**WHAT THE EXERCISE ASKS:** Set down the data below without change, skipping the pictures it holds.

(Collected data entries)
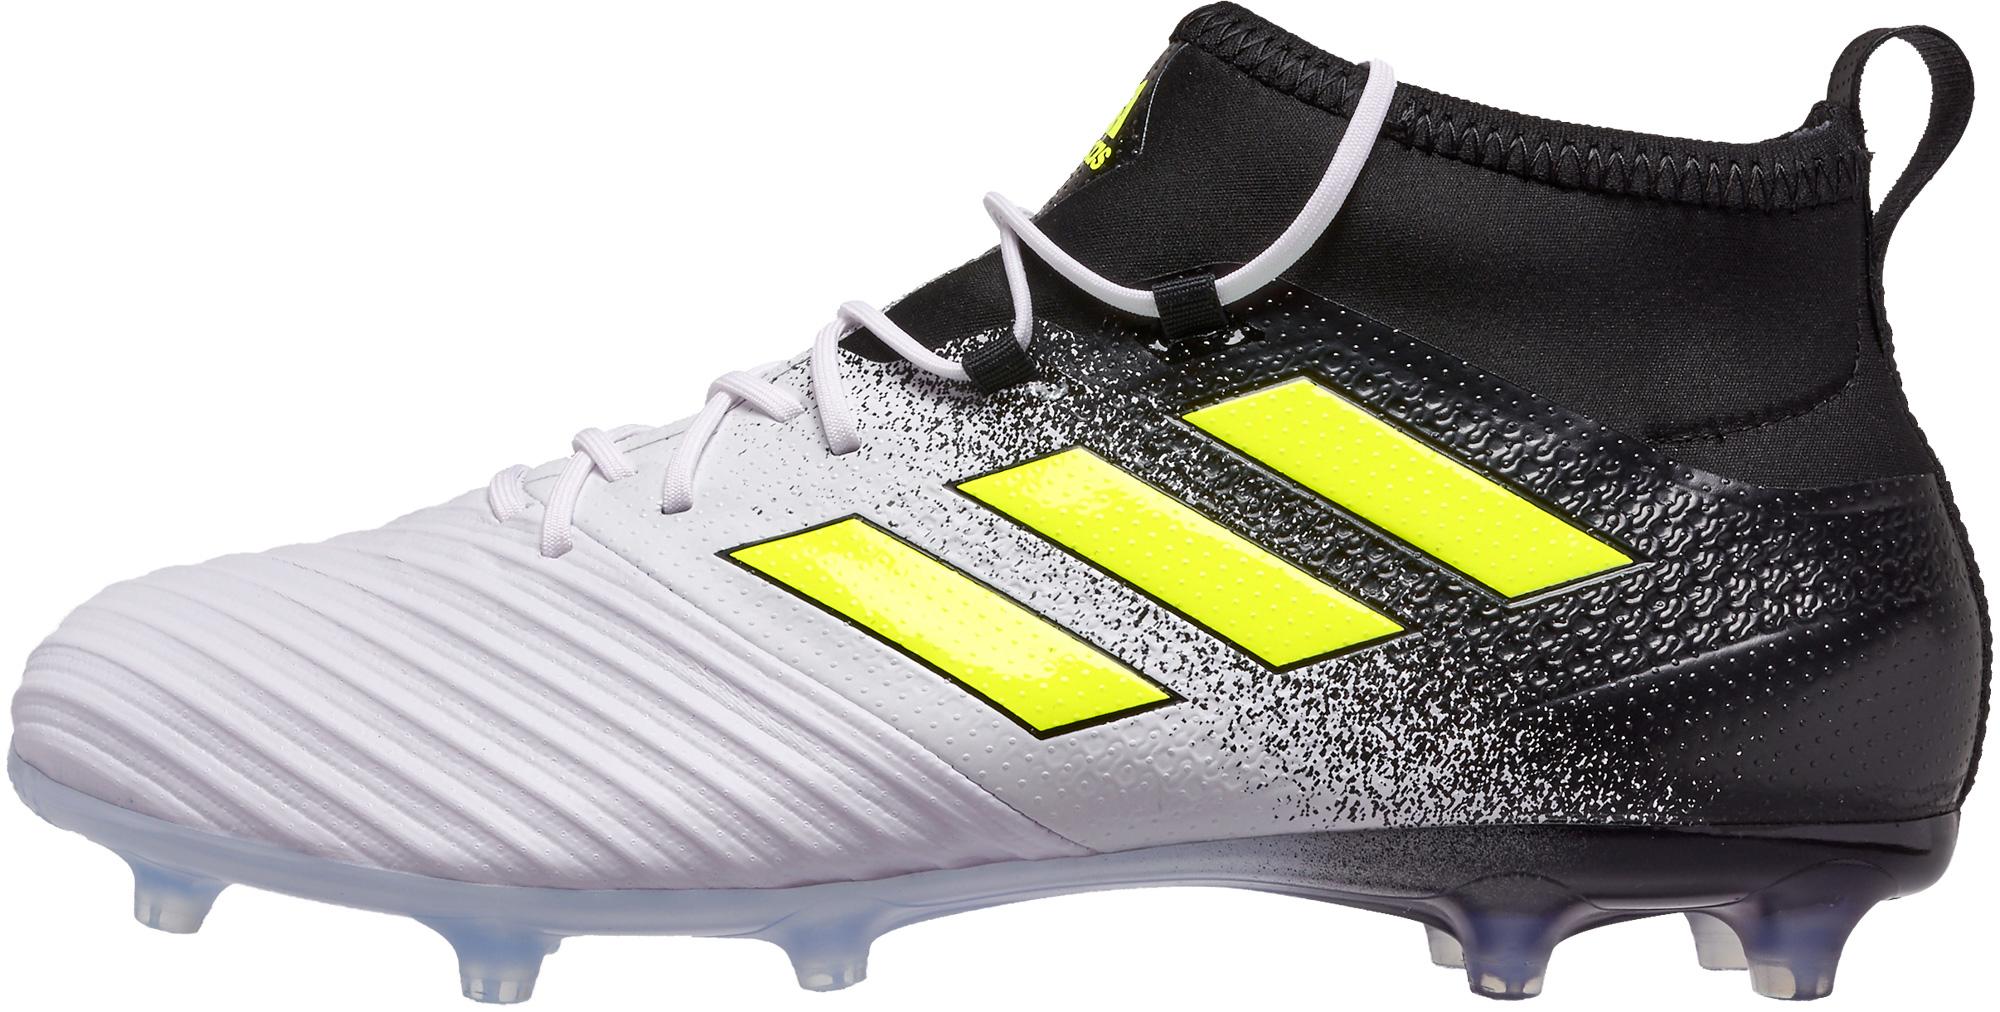 f200e17cd604 adidas ACE 17.2 Primemesh FG Soccer Cleats - White
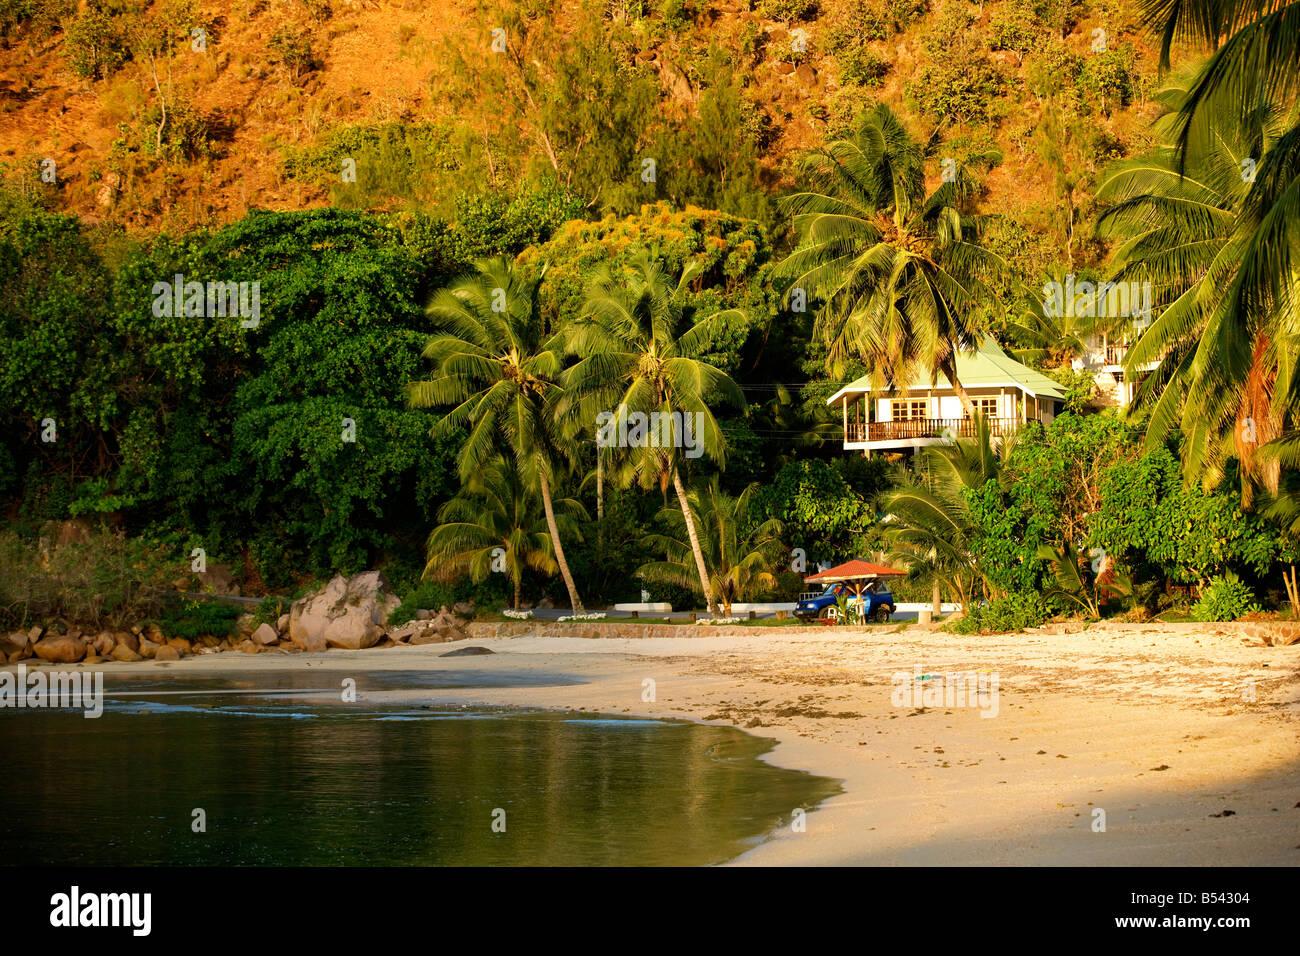 Anse Possession in Praslin island Seychelles - Stock Image
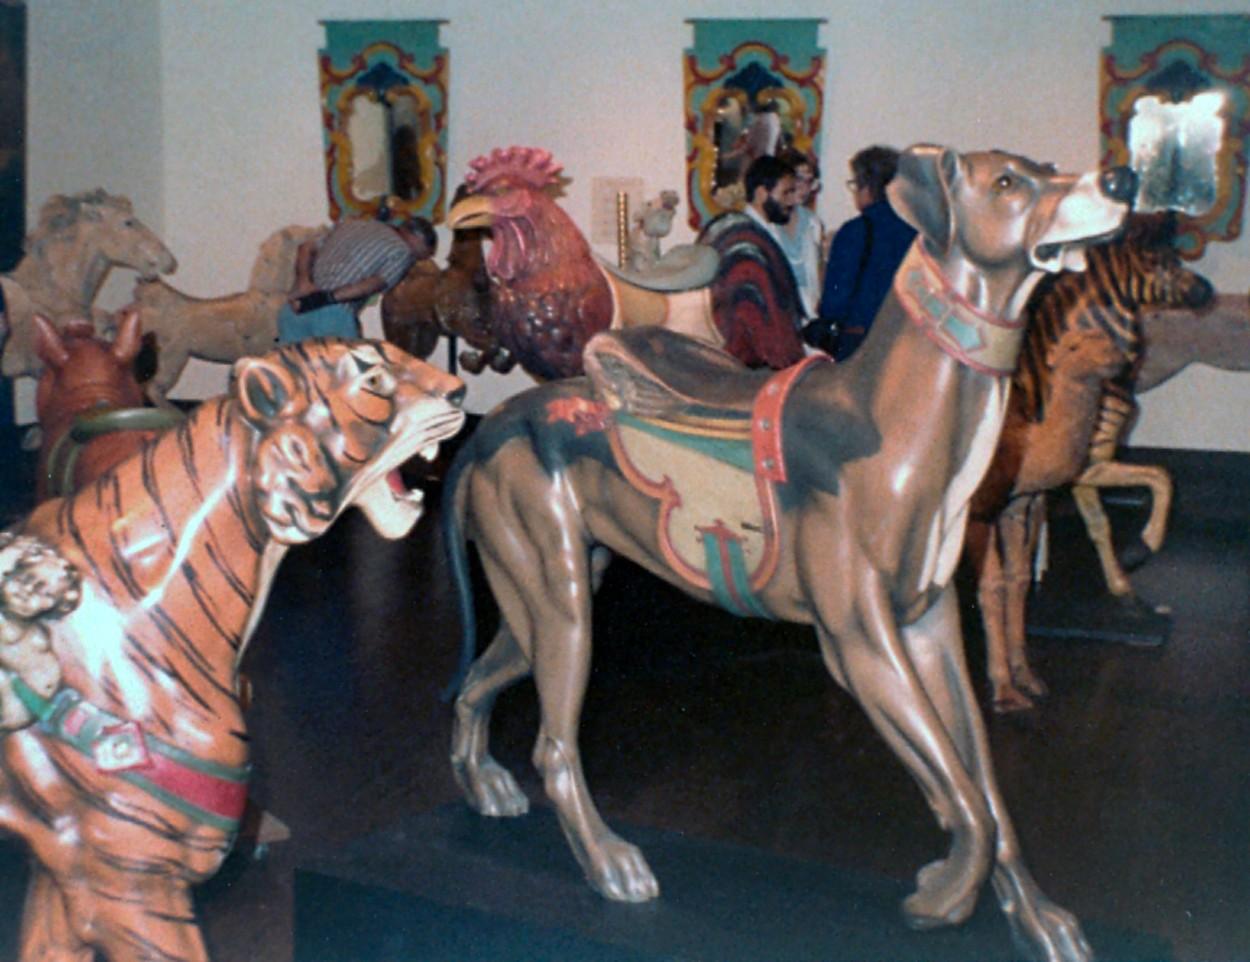 Monterey Art Museum – 1982 Carousel Figure Exhibit
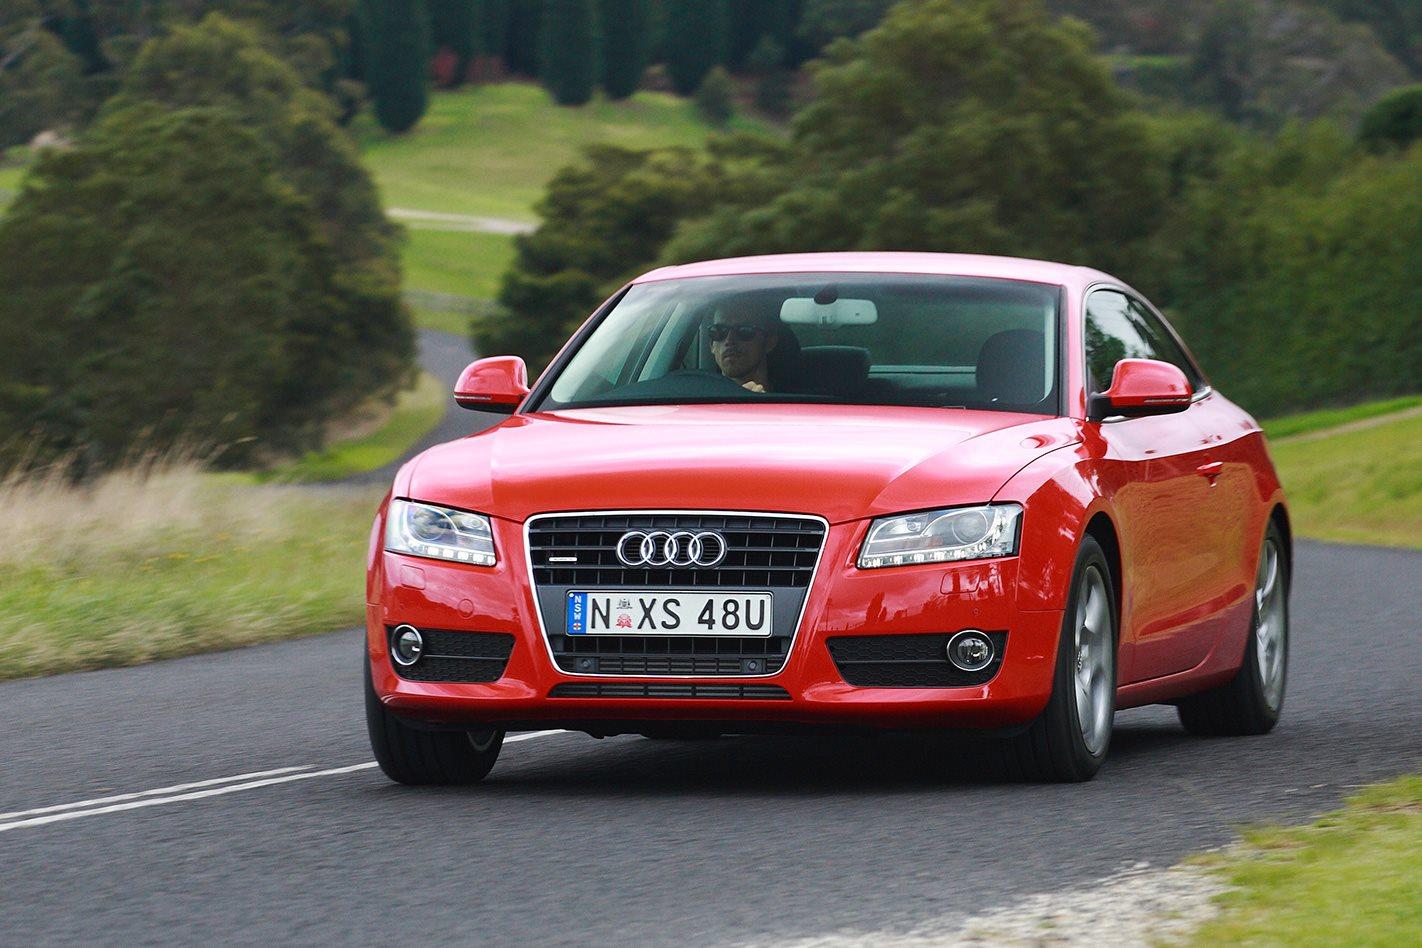 Kelebihan Audi A5 2009 Murah Berkualitas
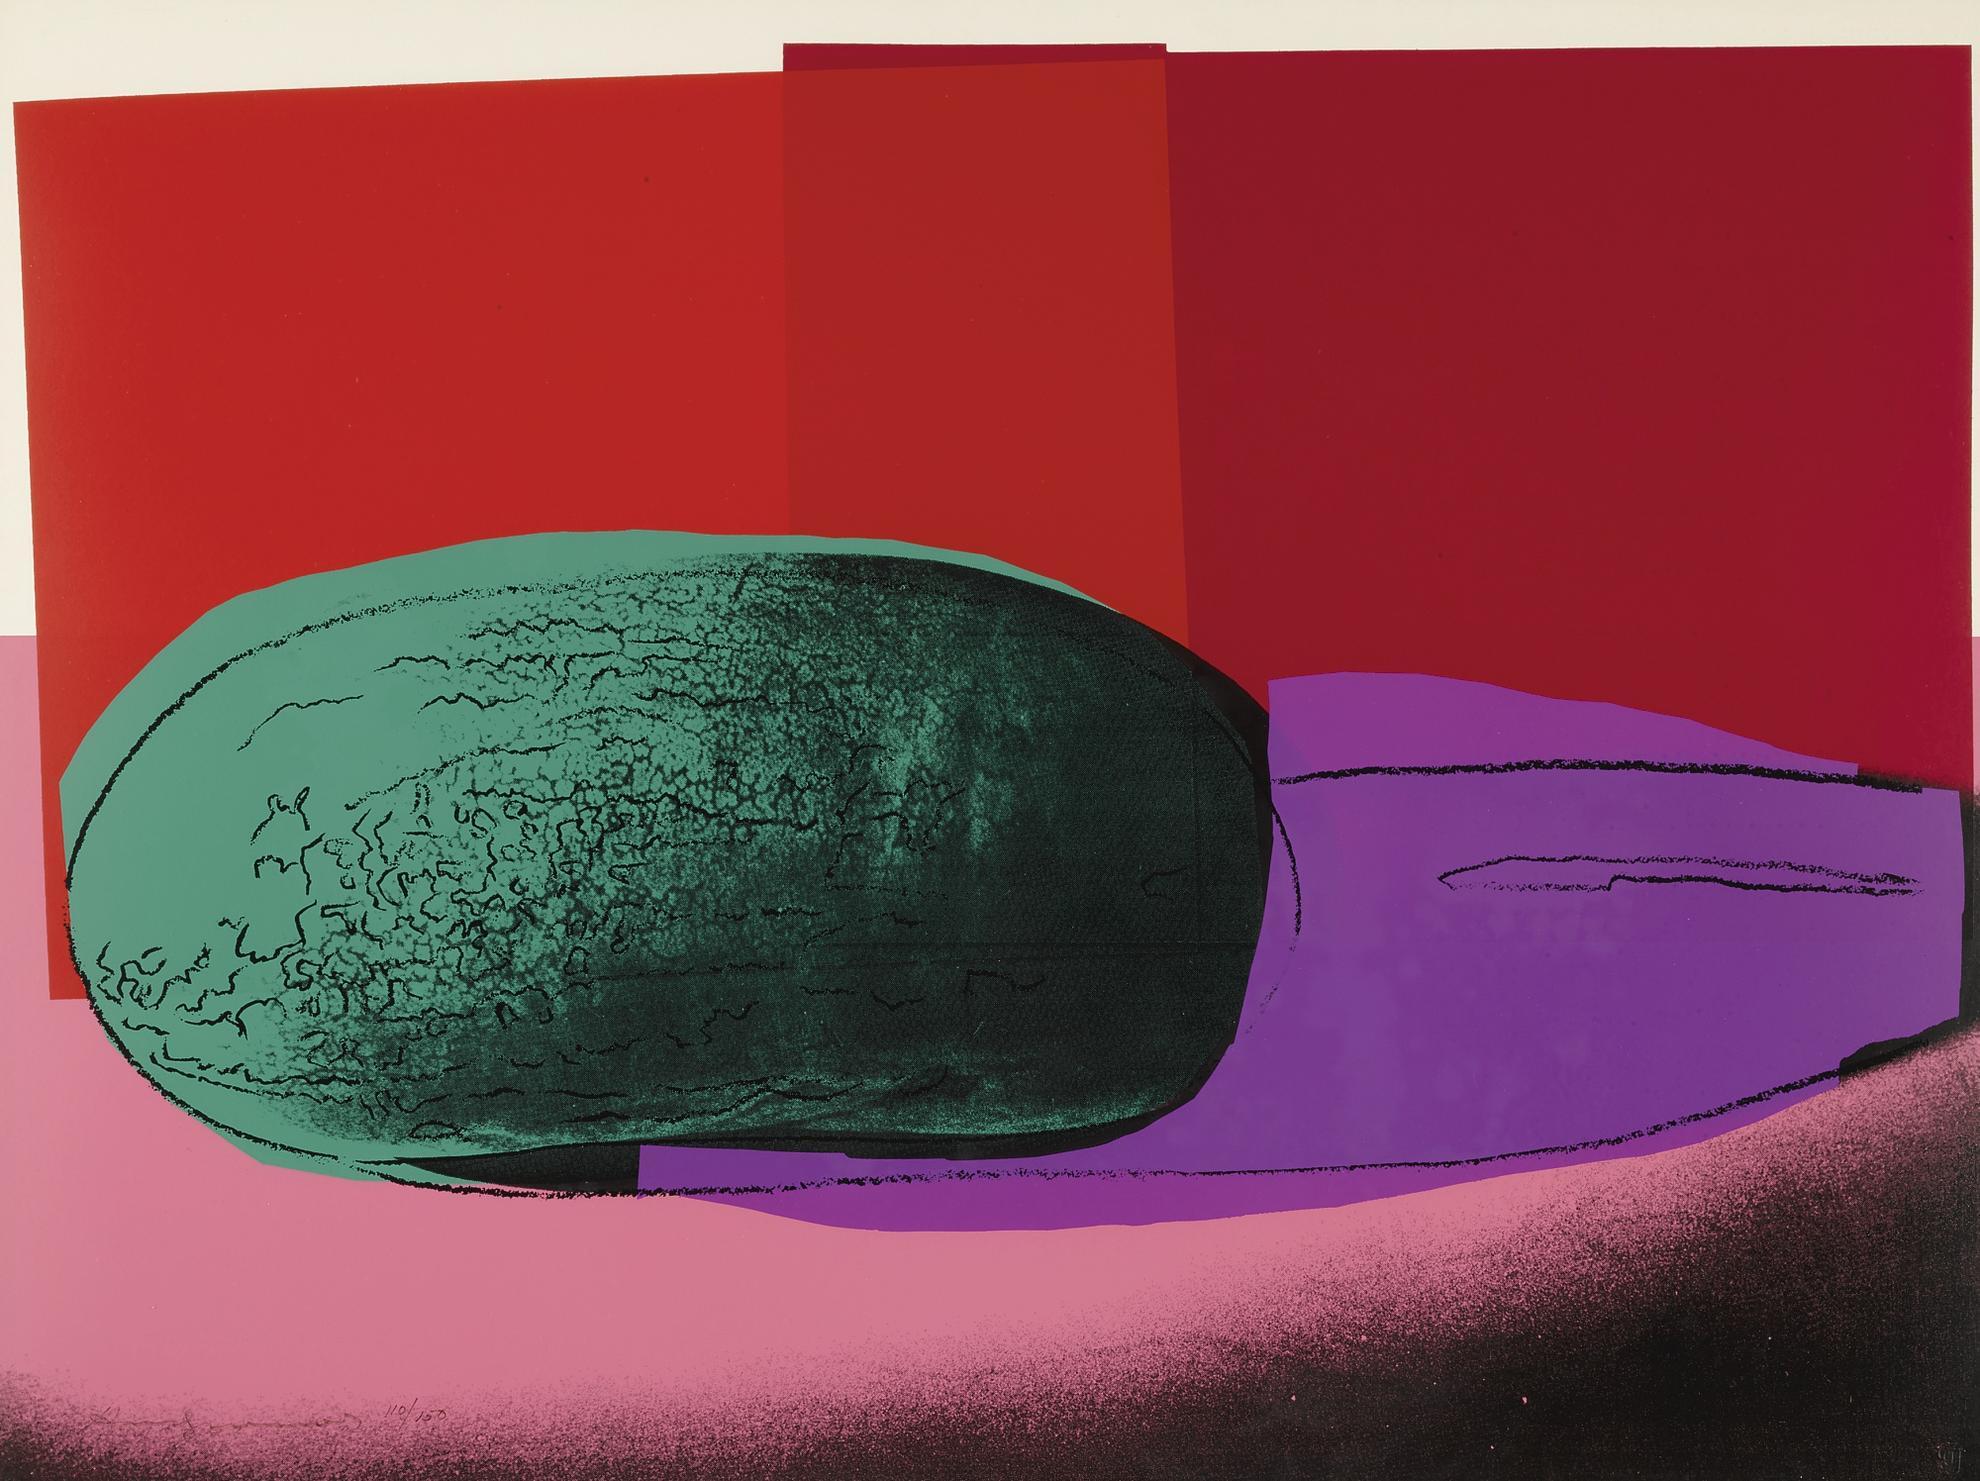 Andy Warhol-Watermelon (F. & S. II.199)-1979

**WRITTEN RESPONSE:**
 f200e17cd604 adidas ACE 17.2 Primemesh FG Soccer Cleats - White
 Anse Possession in Praslin island Seychelles - Stock Image
 Monterey Art Museum – 1982 Carousel Figure Exhibit
 Kelebihan Audi A5 2009 Murah Berkualitas
 Andy Warhol-Watermelon (F. & S. II.199)-1979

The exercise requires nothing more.